● Given data:
━━━━━━━━━━━━━━━━━━━━
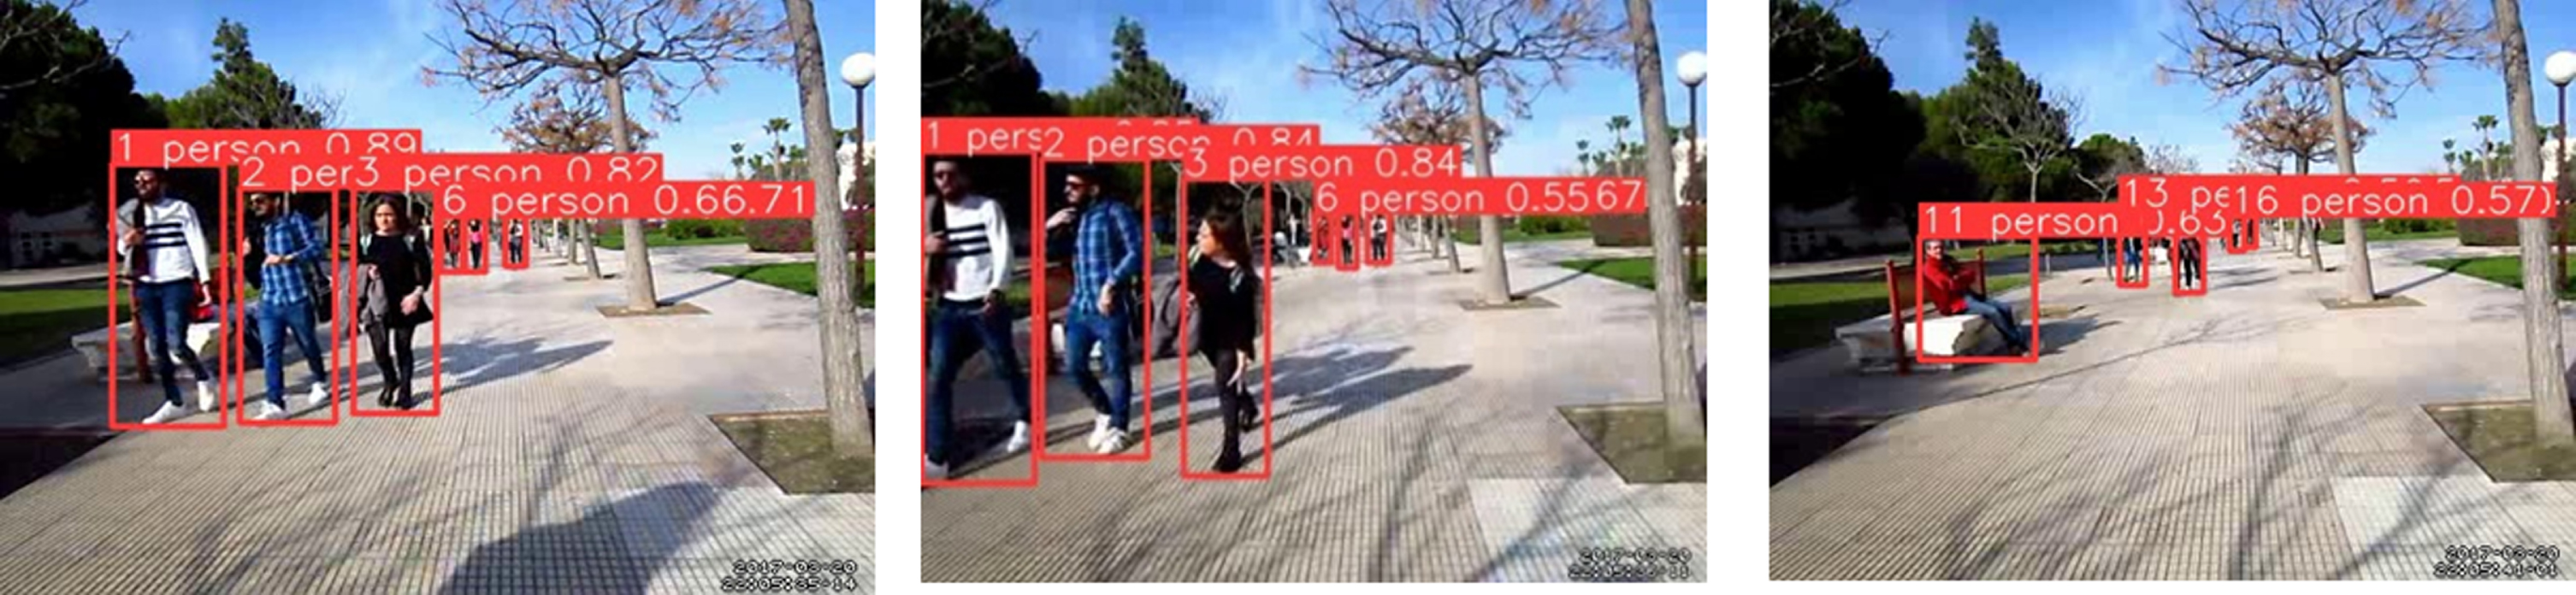 Results of pedestrian detection using YOLOv5 on three frames taken from the video dataset.
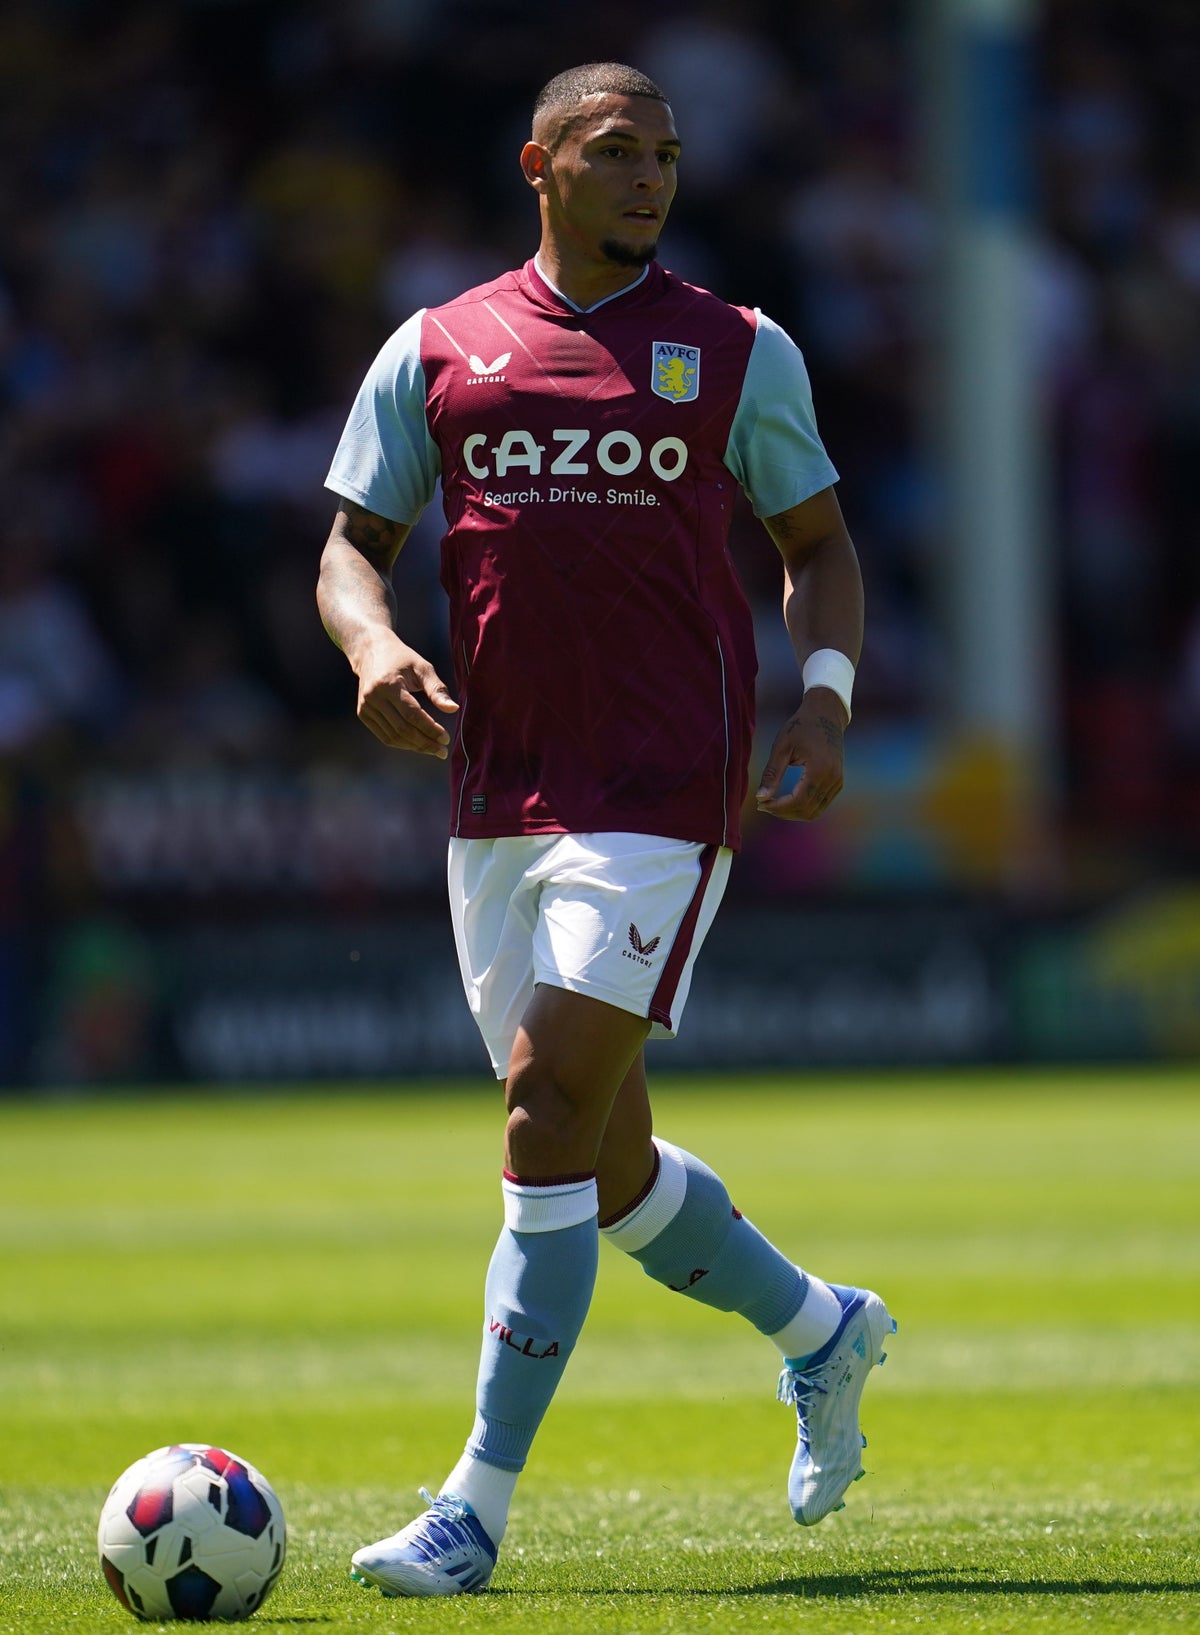 Injury blow for Aston Villa as summer signing Diego Carlos ruptures Achilles
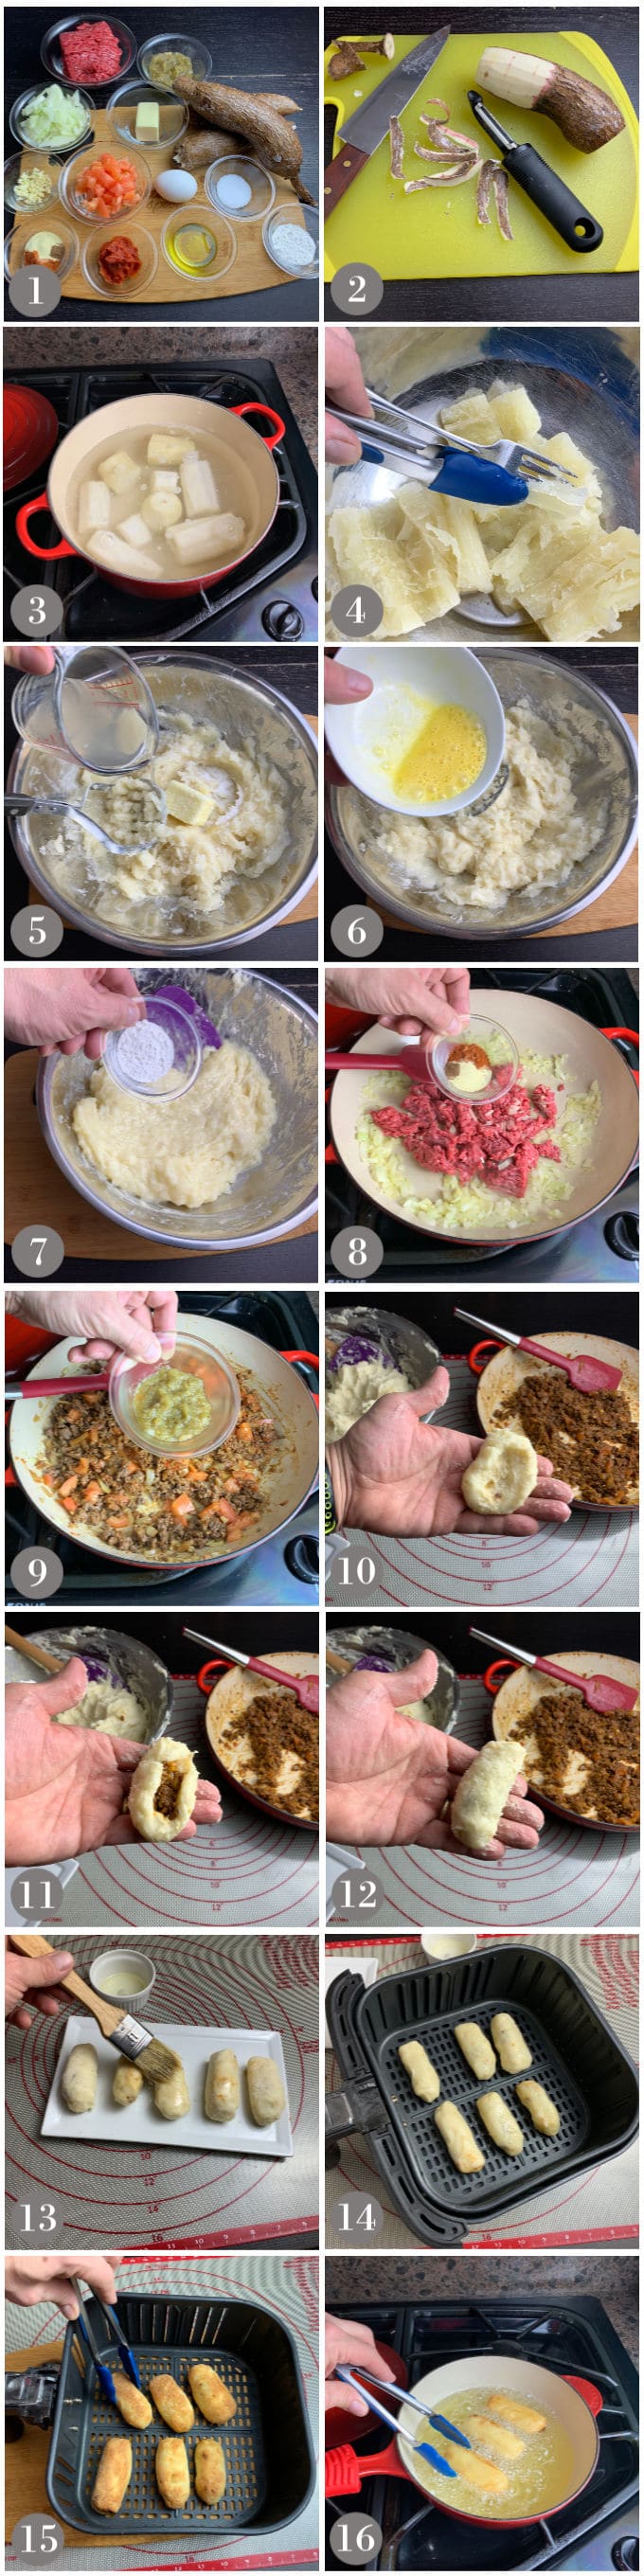 A collage of photos showing the steps to make Panamanian yuca fritters - carimañolas.
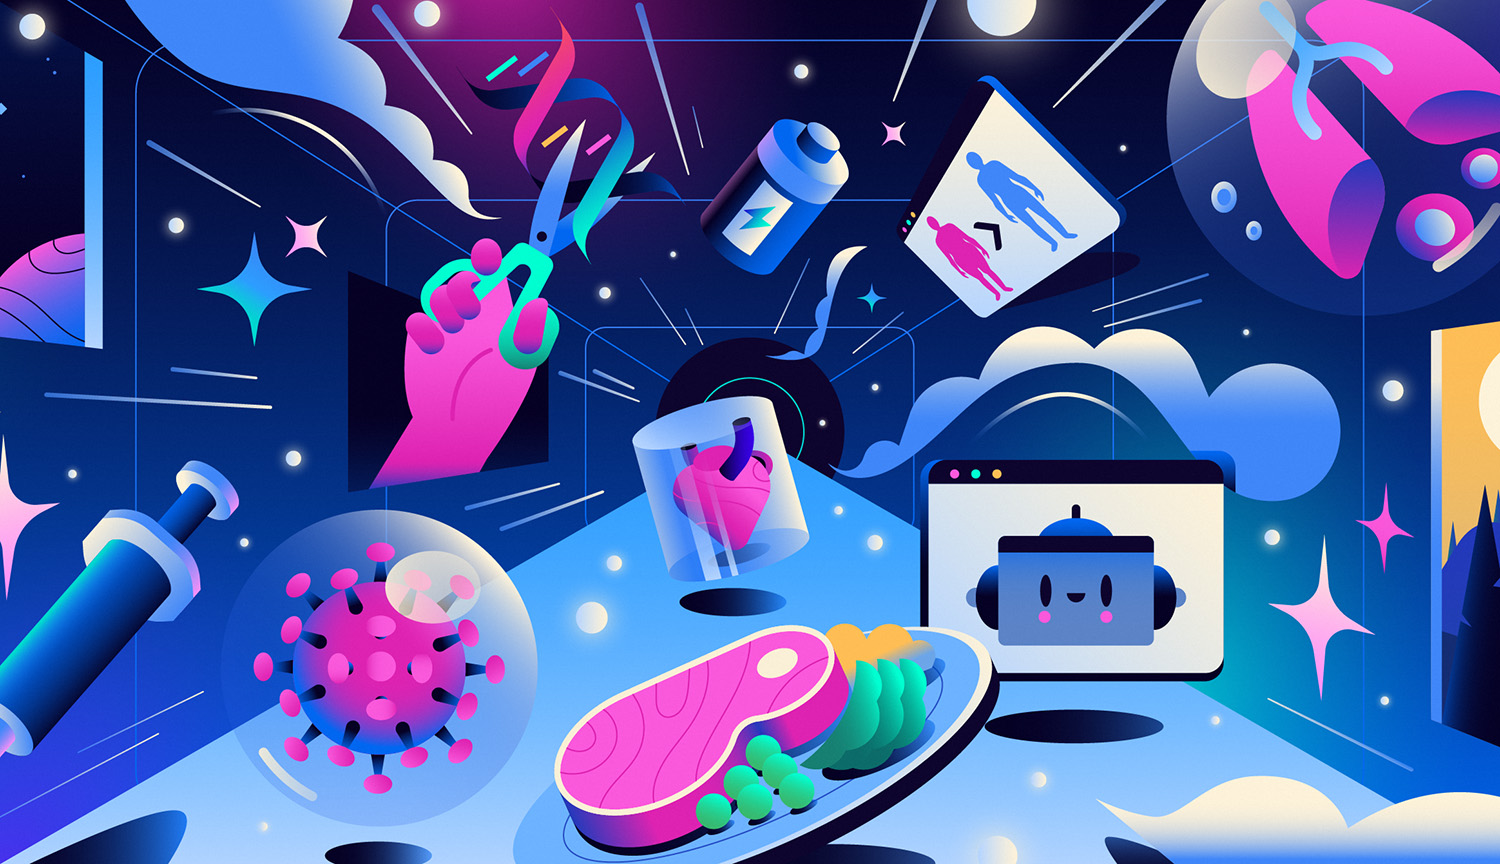 Conceptual illustration in bright colors includes syringe, the moon, meat, ocean waves, a virus, flames, a battery and more.
━━━━━━━━━━━━━━━━━━━━
● The task:
Your task is to reproduce exactly the lines from the one that holds "A collage of" to the last line of the listing, and only those, omitting the pictures.

● Solution to this exercise:
 A collage of photos showing the steps to make Panamanian yuca fritters - carimañolas.
 Conceptual illustration in bright colors includes syringe, the moon, meat, ocean waves, a virus, flames, a battery and more.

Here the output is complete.